**WHAT TO PRODUCE:** In the material below, print every line exactly and omit the pictures.

**RECORDED DATA:**
::::::

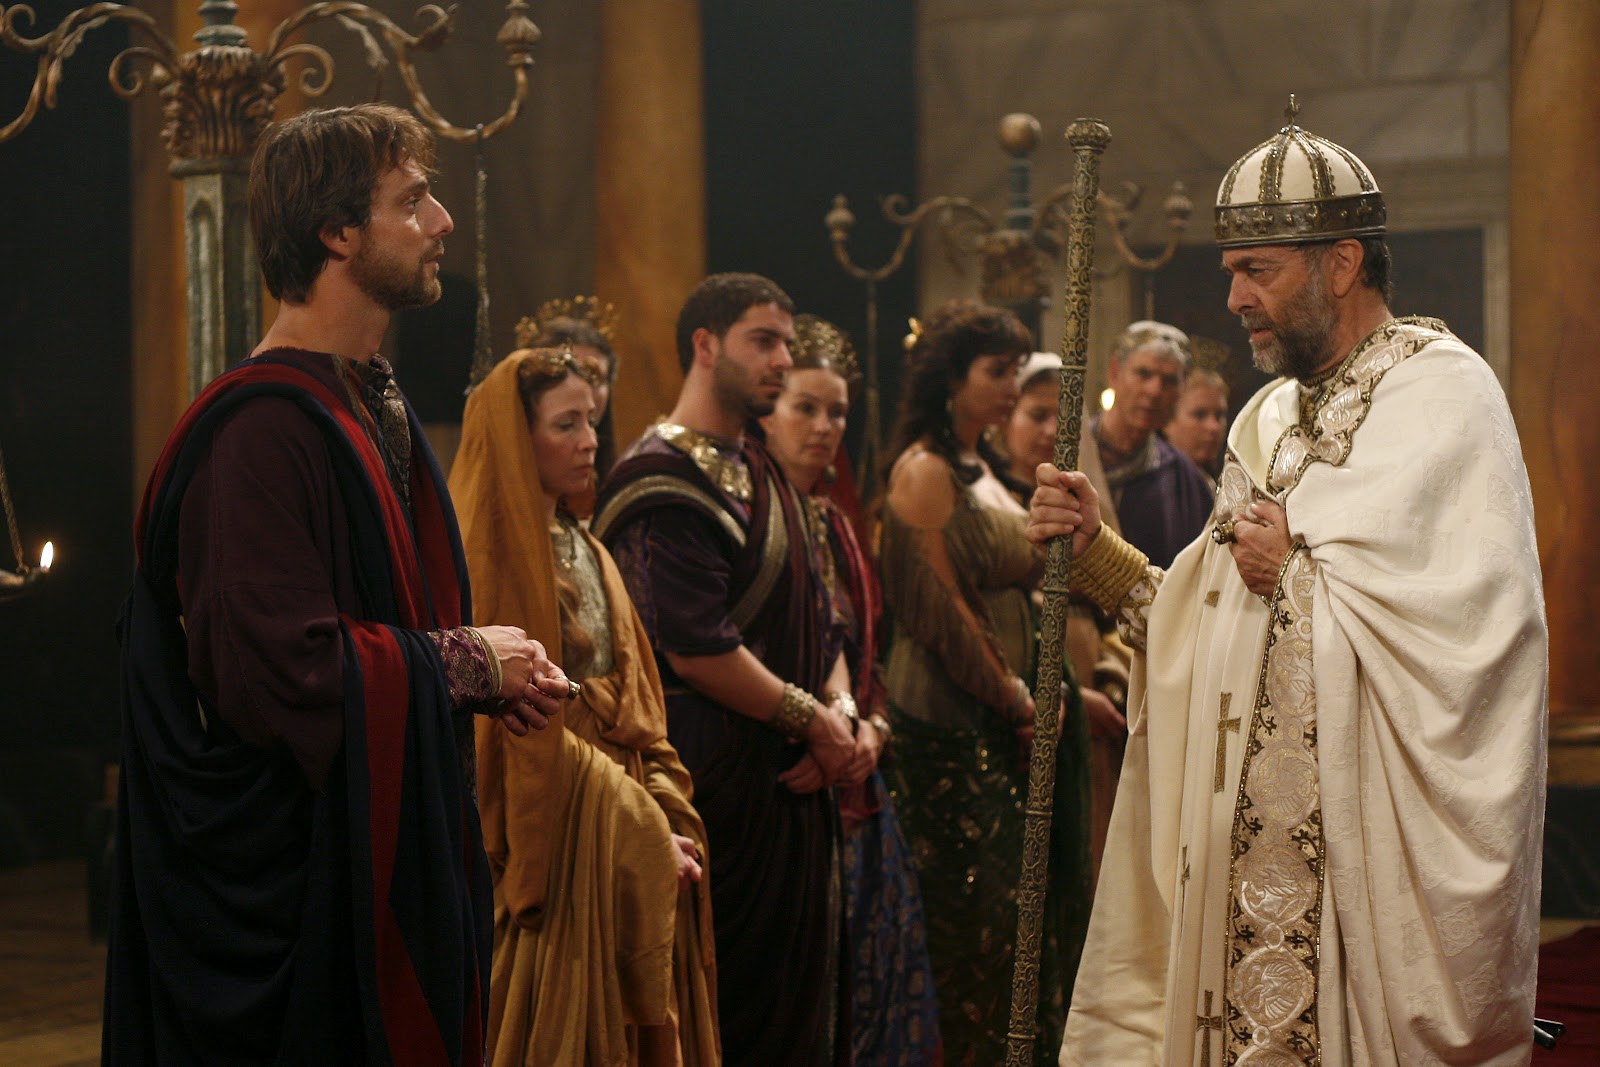 Catholic Books And Movies: St. Augustine premiers on the big screen
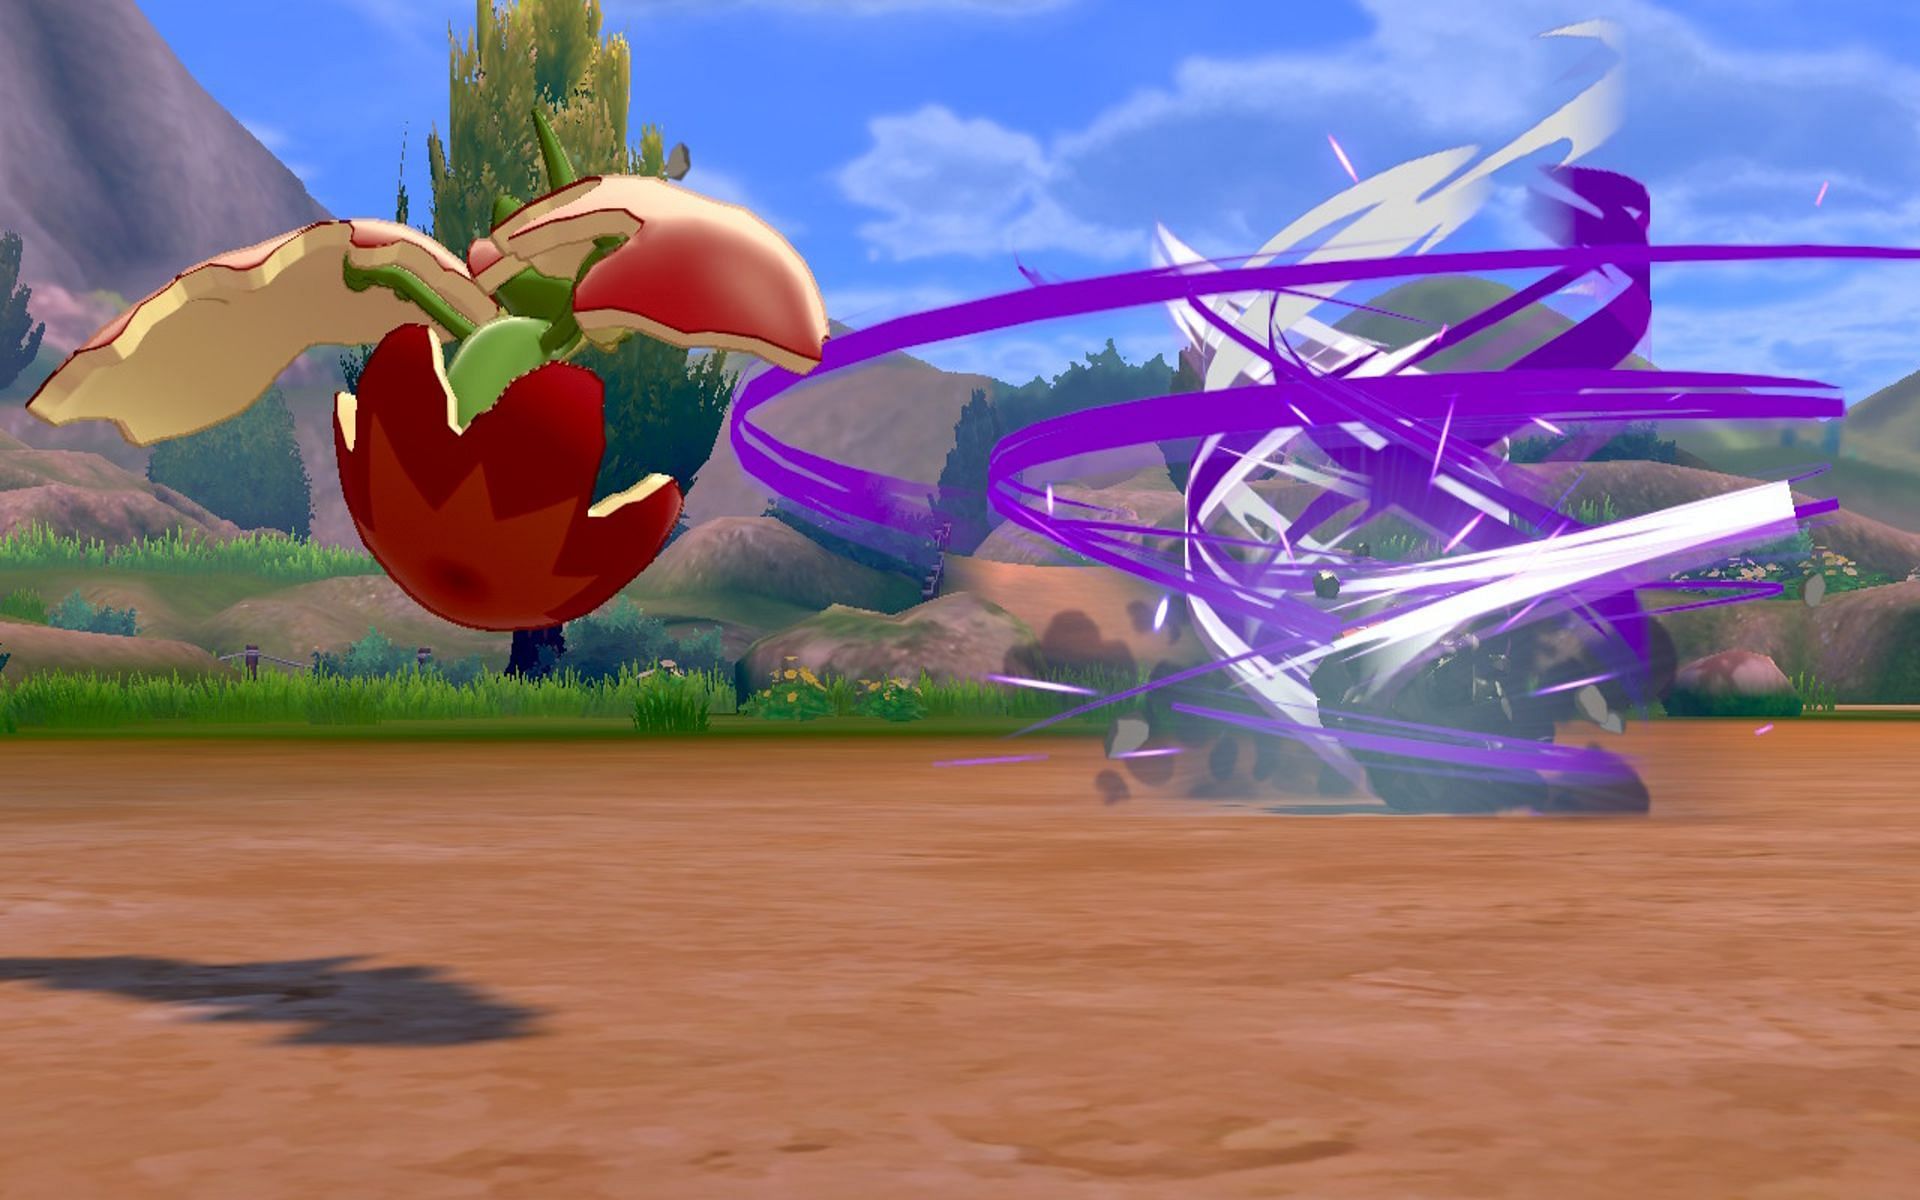 Twister is the weakest Dragon-type charge move (Image via Game Freak)
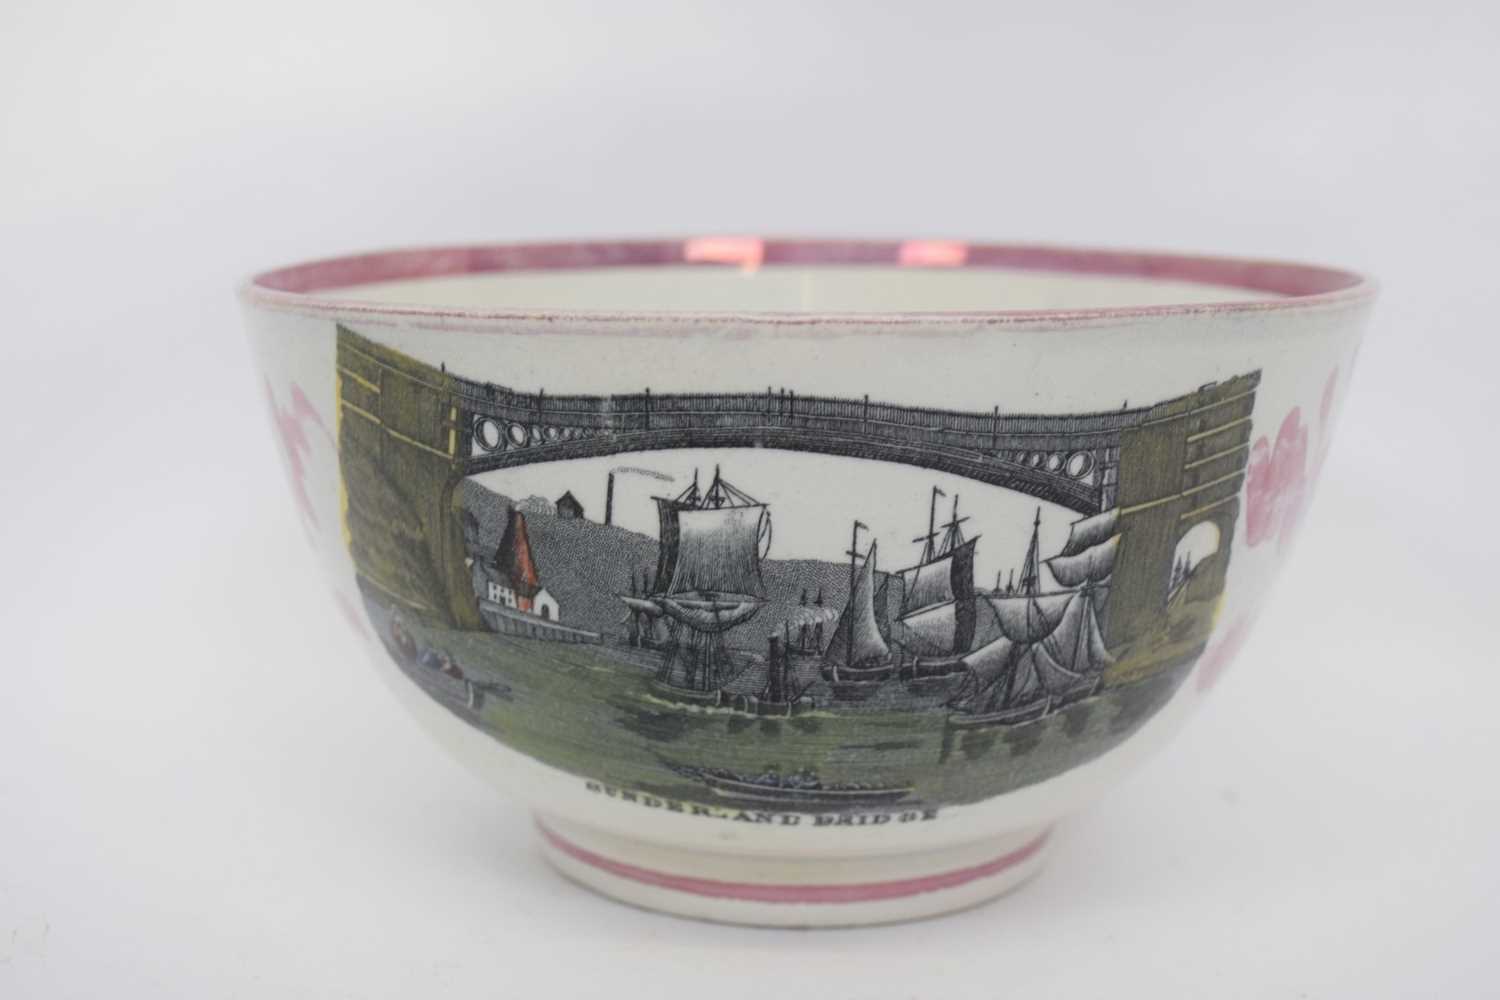 Sunderland lustre bowl with a view of Sunderland Bridge and the Agamemnon in a storm verso, 19cm - Image 4 of 5

::::::

**OUTPUT FOR THIS EXERCISE:**
 Catholic Books And Movies: St. Augustine premiers on the big screen
 Twister is the weakest Dragon-type charge move (Image via Game Freak)
 Sunderland lustre bowl with a view of Sunderland Bridge and the Agamemnon in a storm verso, 19cm - Image 4 of 5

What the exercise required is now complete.